STC-S in DataLink

Thu Jun 20 14:45:12 PDT 2013

Le 20/06/2013 20:28, François Bonnarel a écrit :
> Dear Markus,
> Dear all,
>     Not to answer to all this interesting discussion you are opening 
> now, but just to give a small caveat about your title/subject.
> I would say it's not "STC-S in Datalink" but something like
> "STC-S in cutout services and access data methods".
> This kind of services and methods will be part of the ressources 
> Datalink will attach to Dataproducts indeed,
> but according to the discussion during Heidelberg interop last month 
> Datalink protocol in itself is only describing
> the nature , format, type and semantics or descriptions of the links 
> and will say nothing about the  ressources parameters themselves
>
> Tommorrow I willk concentrate on the actual matter of your mail
> Best regards
> François
>
>
> Le 20/06/2013 16:46, Markus Demleitner a écrit :
>> Dear DAL group,
>>
>> Since this is going to be a long mail, I feel obliged to start with
>> an
>>
>> Abstract
>>
>>    In the context of DataLink, there is renewed interest in STC-S on a
>>    protocol level, i.e., for passing shape descriptions into services.
>>    I believe we should not do this.
>>
>>    In a first part of this (longish) mail, I try to make this point.
>>    There's a second part below in which I try to outline how STC-S *has*
>>    worked for me, and under which conditions; that part is basically
>>    something like "If you agree with me, encourage me, and I'll work 
>> on an
>>    STC-S working draft with actual EBNF."
>>
>> Sorry for this long soliloquy, but I am very sure this is an
>> important point for the later interoperability of DataLink-based
>> services.
>>
>>
>> Part I: STC-S in Protocols
>>
>> I'm arguing against usages like "CUTOUT=Ellipse ICRS 33 45 4 5 unit mas
>> SpectralInterval TOPOCENTER 55 65 unit MeV pixelSize 1" in protocol
>> parameters, and actually against abusing STC-S in cases where you just
>> want to define some shape in spherical geometry.  Here are my reasons:
>>
>> (1) Mashing data and metdata is like denormalizing databases:
>> You may get away with it and save some work, but if you've not
>> understood exactly what you're doing, you'll almost certainly regret it.
>>
>> (2) STC-S covers an enormous wealth of features.  Even suggesting that
>> all services should be able to transform, e.g., wavelength into the rest
>> system is not going to be a high incentive to make people take up a
>> standard.  Don't wave at "there's going to be a library" -- there's not.
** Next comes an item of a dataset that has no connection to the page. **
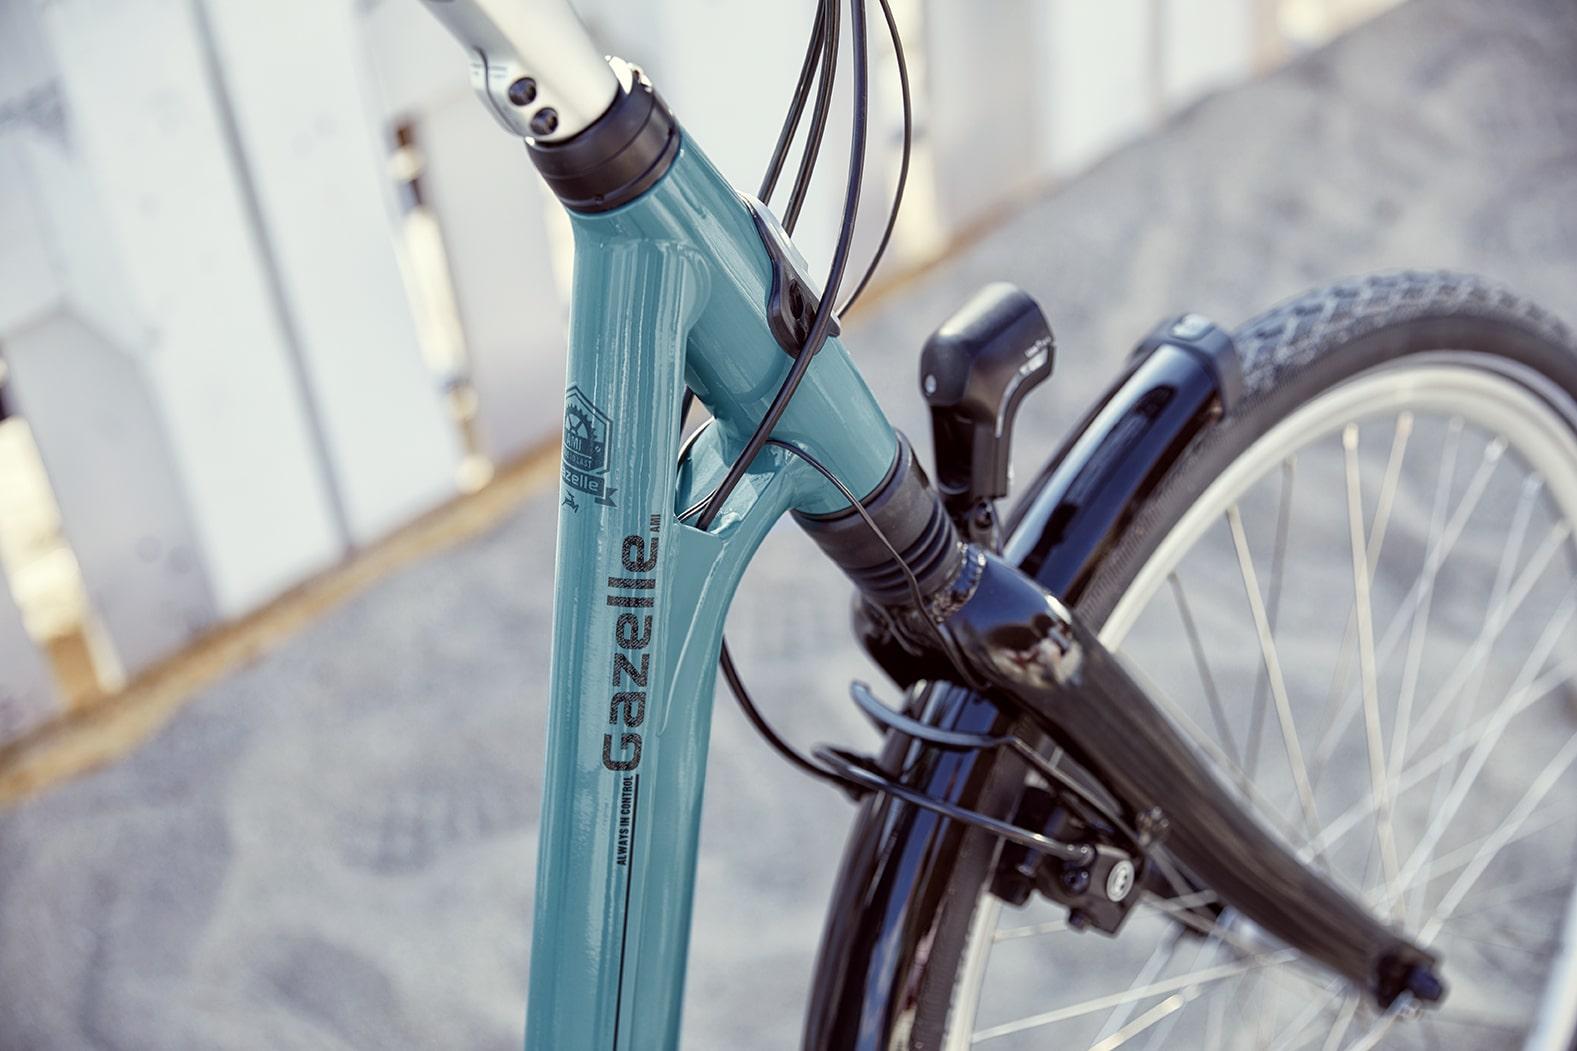 Gazelle el-cykel

>> Many years after STC-S was published and the STC DM passed, all we have
>> are some libraries that can -- more or less -- parse STC-S and spit the
>> stuff out in some other form.
>>
>> Actually *doing* something with what's parsed is something completely
>> different.  In my STC library I'm allowing some "conforming" (making one
>> STC spec use the reference frame, units, and such of another STC spec),
>> but exactly because STC is a complex beast, that's no fun at all.  That
>> was part of the pain I alluded to above, and I'm still ignoring most
>> things that actually are complicated (like tranfroming spatial
>> coordinates from the EMBARYCENTER reference position to the PLUTO
>> reference position).
>>
>> But worse (just for this example) -- if you want to transform positions
>> for differing reference positions, you need to know the source's
>> distance, and it's completely unclear how to do that for images.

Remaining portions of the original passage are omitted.